L'Europe a fait un pas significatif, que nous soutenons, avec l'adoption du règlement MiCa, qui prévoit pour fin 2024 un agrément obligatoire pour les prestataires de services sur crypto-actifs (PSCA). Ce règlement est un texte européen ambitieux et très large ; il permettra : l'harmonisation des pratiques au sein de l'Union européenne ; l'émergence de marché de crypto-actifs mieux encadrés avec des règles concernant les abus de marché ; un développement facilité pour les acteurs opérant dans le secteur via une logique de passeport européen ; mais aussi davantage de protection pour les épargnants avec des règles claires et une meilleure information. Il est donc crucial pour le secteur de passer à la vitesse supérieure.
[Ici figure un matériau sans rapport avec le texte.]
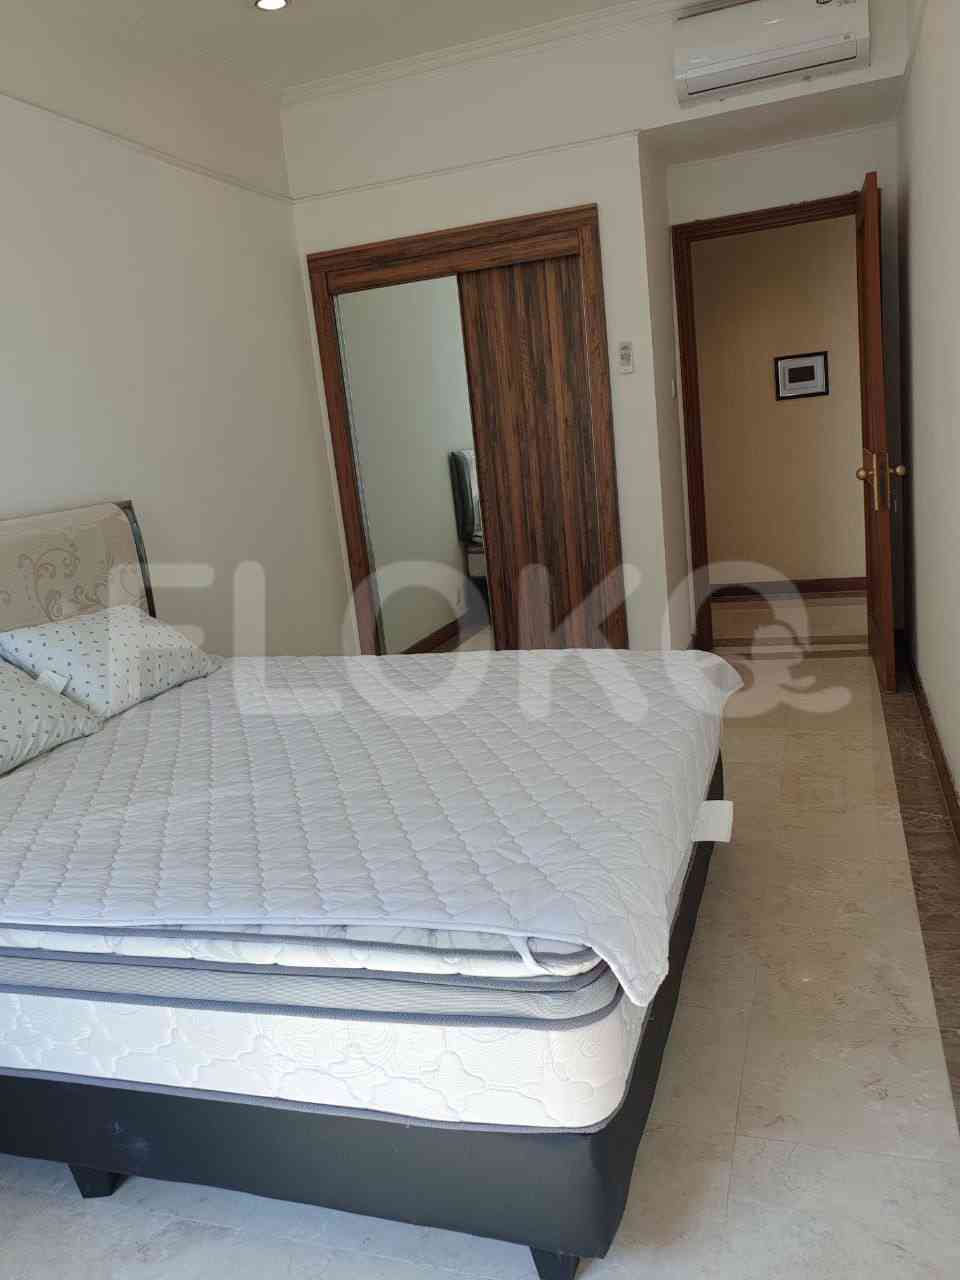 3 Bedroom on 15th Floor for Rent in Casablanca Apartment - ftebc2 13

Les discussions au Parlement à l'occasion de la transposition des divers textes européens, dans le cadre du projet de loi Ddadue, ont montré la nécessité d'accroître le niveau des exigences du cadre français dans l'optique de la mise en oeuvre cadre européen et pour assurer une meilleure protection des épargnants, conformément aux souhaits du Sénat. Le dispositif adopté prévoit une extinction assez rapide de l'enregistrement simple et la mise en place d'un enregistrement renforcé qui constitue une marche significative vers l'agrément, qui deviendra obligatoire pour les nouveaux entrants en octobre 2024 et dix-huit mois plus tard pour les acteurs déjà enregistrés, en application de la clause du grand-père.

Ce passage à un cadre renforcé est une condition du retour de la confiance dans l'écosystème crypto. Il est essentiel pour la protection des consommateurs comme pour la robustesse du marché des crypto-actifs de vérifier la sécurité et la résilience des systèmes d'information des PSAN.

En effet, l'expérience a montré qu'il existe un risque majeur que les PSAN subissent des attaques informatiques menant à des pertes significatives pour leurs clients. Cette obligation, déjà prévue pour une demande d'agrément et qui sera obligatoire pour obtenir un agrément MiCa, apparaît donc comme une exigence classique et légitime pour ce type d'activité qui n'a rien d'exceptionnel compte tenu des risques potentiels.

L'enjeu pour les autorités publiques est de travailler à cette transition. L'AMF compte déjà des experts qui connaissent ces marchés et ces acteurs, et nous travaillons avec les associations, notamment l'Adan, afin de clarifier les règles et d'adapter les conditions d'agrément pour les rendre aussi proches que possible du nouveau règlement européen.

Enfin, l'AMF travaille avec les autorités européennes est internationales, en premier lieu avec l'Autorité européenne des marchés financiers, l'ESMA (European Securities and Markets Authority), mais aussi dans le cadre du Forum de stabilité financière et au sein de l'Organisation internationale des commissions de valeurs (OICV). Ces réflexions importantes témoignent du dynamisme du marché et des acteurs, tant en France qu'à l'international. Les régulateurs doivent comprendre les opportunités et les risques, en consolidant leur expertise.